The break-even age is when the total cumulative benefits from delaying equal the total you would have received by claiming earlier. If you live beyond the break-even age, delaying was the better choice financially. Using the example above ($2,000 FRA benefit):
| Comparison | Break-Even Age | Cumulative Advantage at 85 | Cumulative Advantage at 90 |
|---|---|---|---|
| Claim 62 vs 67 | ~78–79 | +$38,400 for age 67 | +$74,400 for age 67 |
| Claim 67 vs 70 | ~82–83 | +$25,920 for age 70 | +$84,480 for age 70 |
| Claim 62 vs 70 | ~80–81 | +$51,600 for age 70 | +$143,520 for age 70 |
The average 62-year-old in the US today is expected to live to about 84 (men) or 87 (women). For most people in average or better health, delaying benefits is financially superior.
Beyond break-even
Break-even analysis ignores the insurance value of Social Security.

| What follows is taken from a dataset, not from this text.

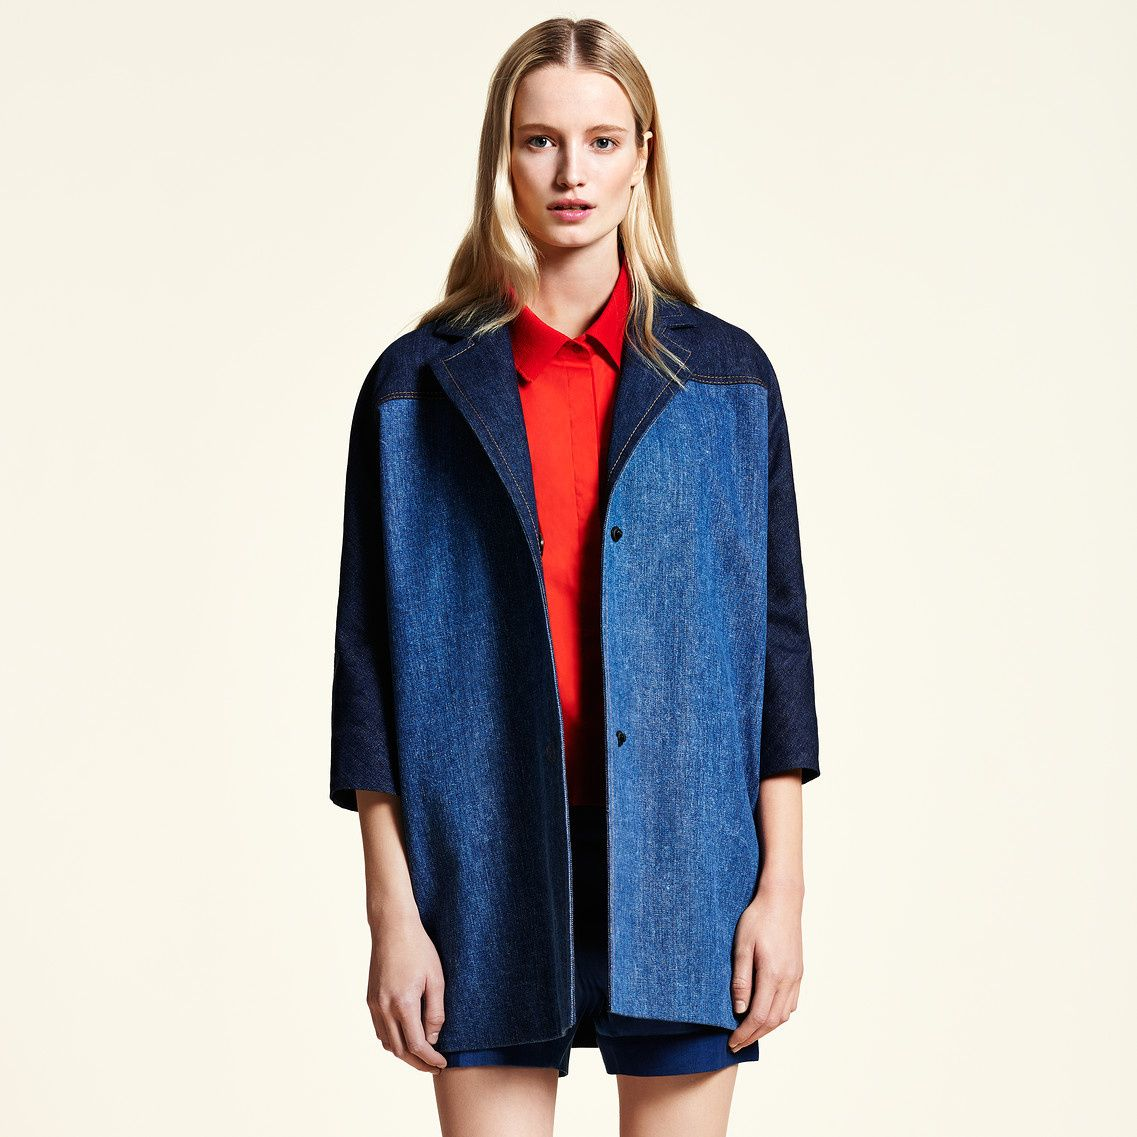 Hilfiger Collection Denim Coat | Official Tommy Hilfiger Store

A higher monthly benefit protects against longevity risk — the risk of outliving your savings. If you live to 95, the advantage of delaying to 70 is enormous. Think of delaying as buying a larger inflation-adjusted annuity.
Spousal Benefits
If you are married, you may be eligible for a spousal benefit equal to up to 50% of your spouse's PIA (FRA benefit). Key rules:
- Your spouse must have filed for their own benefit before you can claim spousal benefits.
- You receive the higher of your own benefit or the spousal benefit — not both.
- Claiming before your FRA permanently reduces the spousal benefit below the 50% maximum.
- Survivor benefits are different: a surviving spouse can receive up to 100% of the deceased spouse's benefit, making the higher earner's claiming decision even more impactful.
The Earnings Test: Working While Claiming
If you claim Social Security before FRA and continue to work, the earnings test may temporarily reduce your benefits. In 2026, if you earn more than $24,480, Social Security withholds $1 for every $2 above the threshold. In the year you reach FRA, the threshold rises and the reduction drops to $1 for every $3.
It is not really a penalty
The withheld benefits are not lost forever. Once you reach FRA, the SSA recalculates your monthly benefit to credit you for the months benefits were withheld. However, the recalculation may take years to break even, and you may have missed out on better uses for that money. If you plan to keep working full-time, claiming early often does not make sense.
Taxation of Social Security Benefits
Many retirees are surprised to learn that Social Security benefits can be taxed. The IRS uses "combined income" (adjusted gross income + nontaxable interest + half of Social Security benefits) to determine how much of your benefit is taxable:
| Filing Status | Combined Income | % of Benefits Taxable |
|---|---|---|
| Single | Below $25,000 | 0% |
| Single | $25,000–$34,000 | Up to 50% |
| Single | Above $34,000 | Up to 85% |
| Married filing jointly | Below $32,000 | 0% |
| Married filing jointly | $32,000–$44,000 | Up to 50% |
| Married filing jointly | Above $44,000 | Up to 85% |
This means that large 401(k) or IRA withdrawals can push your combined income above the threshold, causing more of your Social Security to be taxed. Strategic Roth conversions before claiming can help reduce this burden.
The Bottom Line
For most healthy Americans, delaying Social Security to at least FRA — and ideally to 70 — is one of the best retirement decisions you can make. It provides a larger inflation-adjusted income stream for life, protects against longevity risk, and increases survivor benefits for your spouse. The main exceptions are those in poor health, those who need the income immediately, or those with very short life expectancies.